Omit any picture, and return the remaining data exactly as written.

> [Information provided]
.....

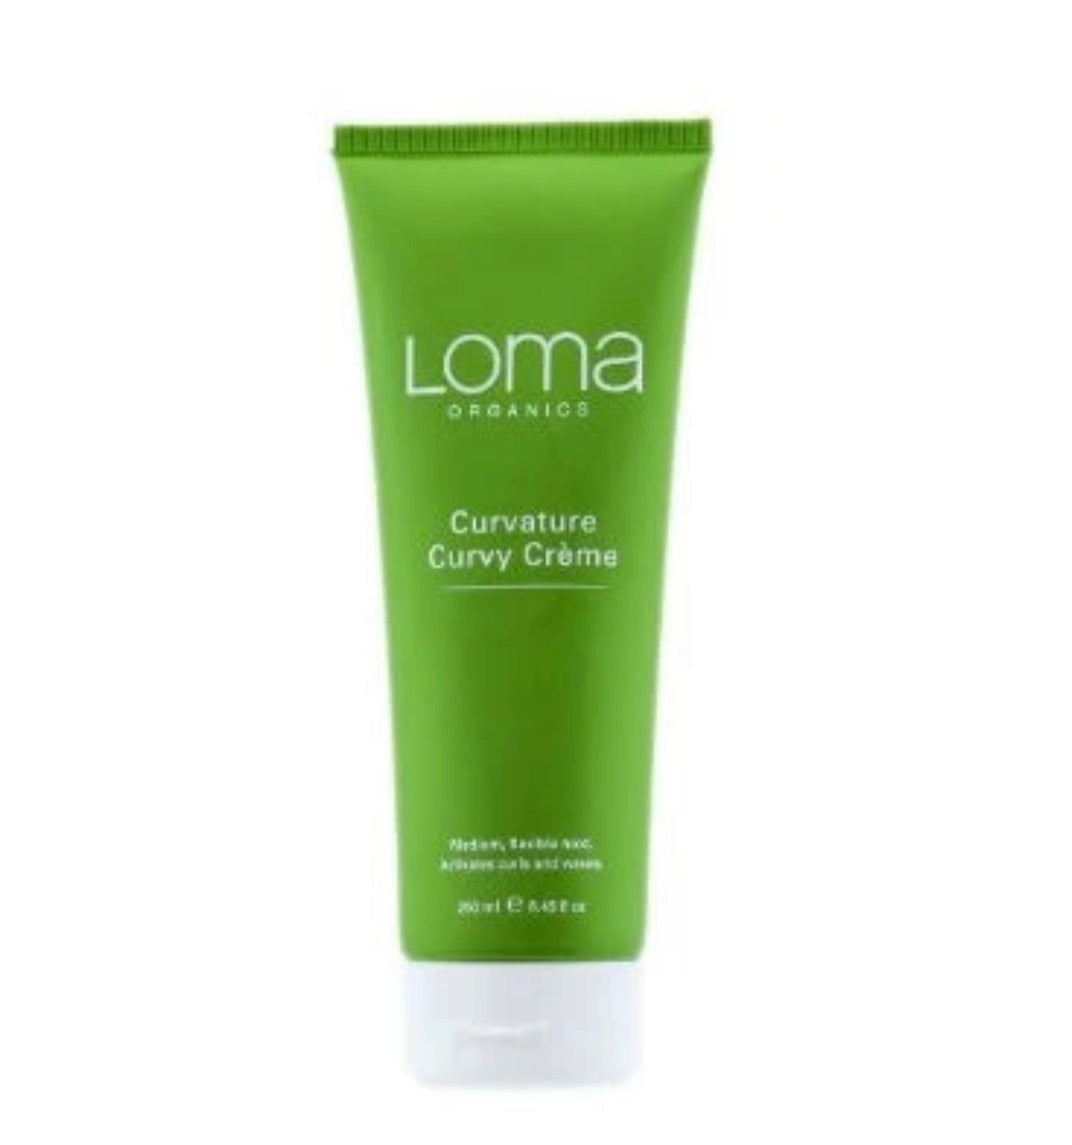 Loma - Curvy Creme
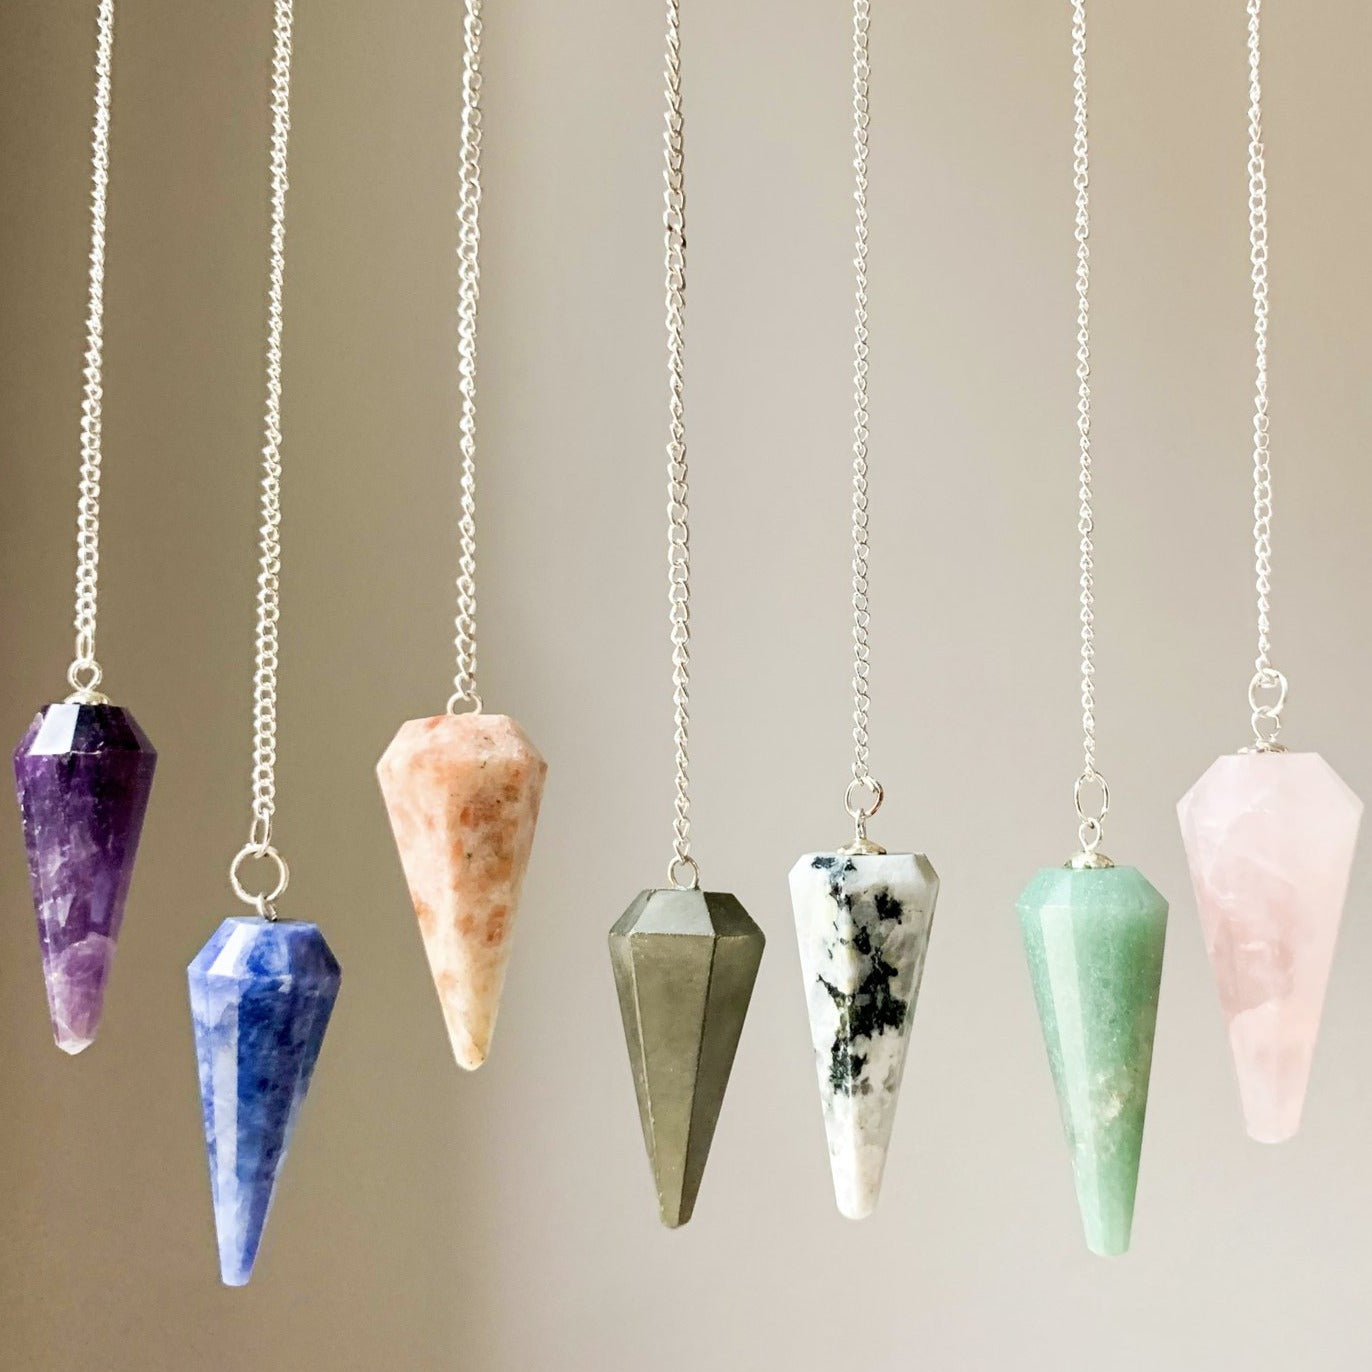 Crystal hanging pendulum
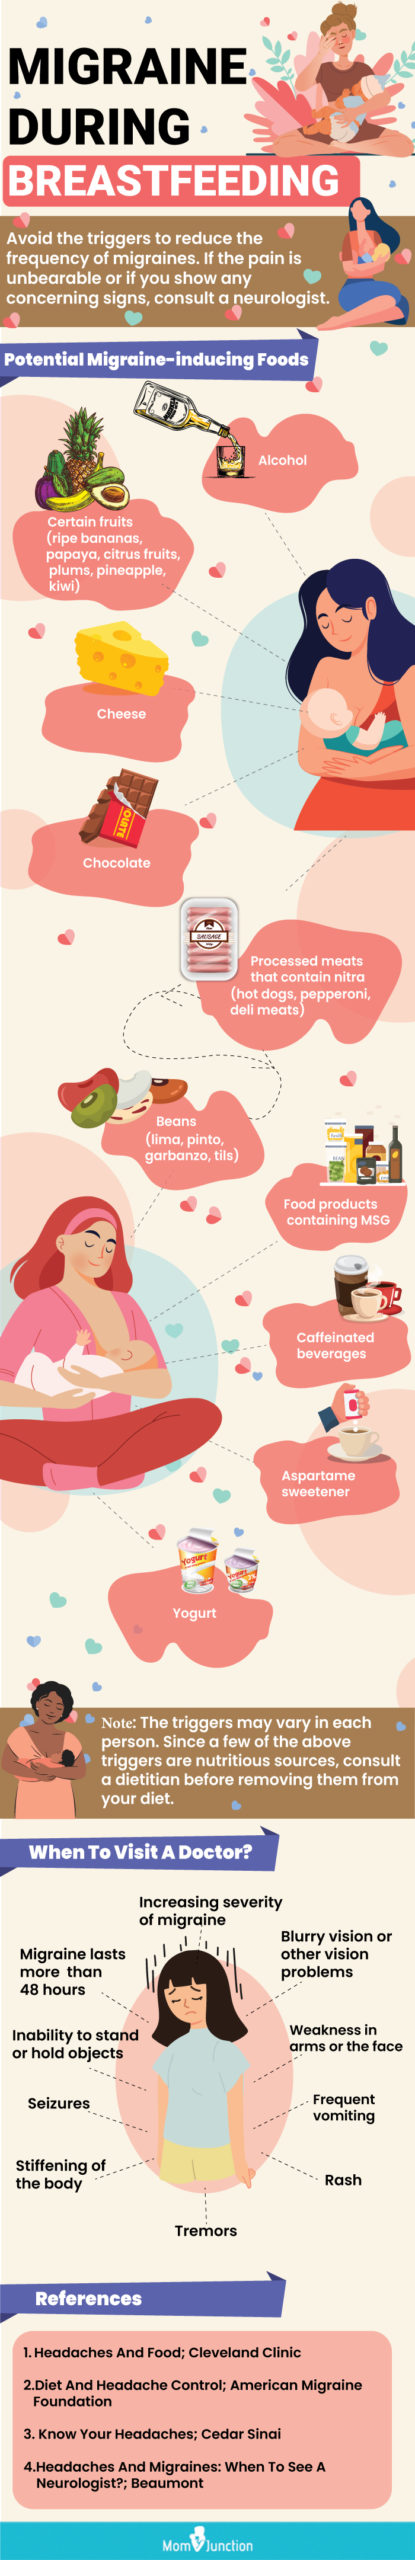 migraine during breastfeeding (infographic)

.....

> [Task result]
 Loma - Curvy Creme
 Crystal hanging pendulum
 migraine during breastfeeding (infographic)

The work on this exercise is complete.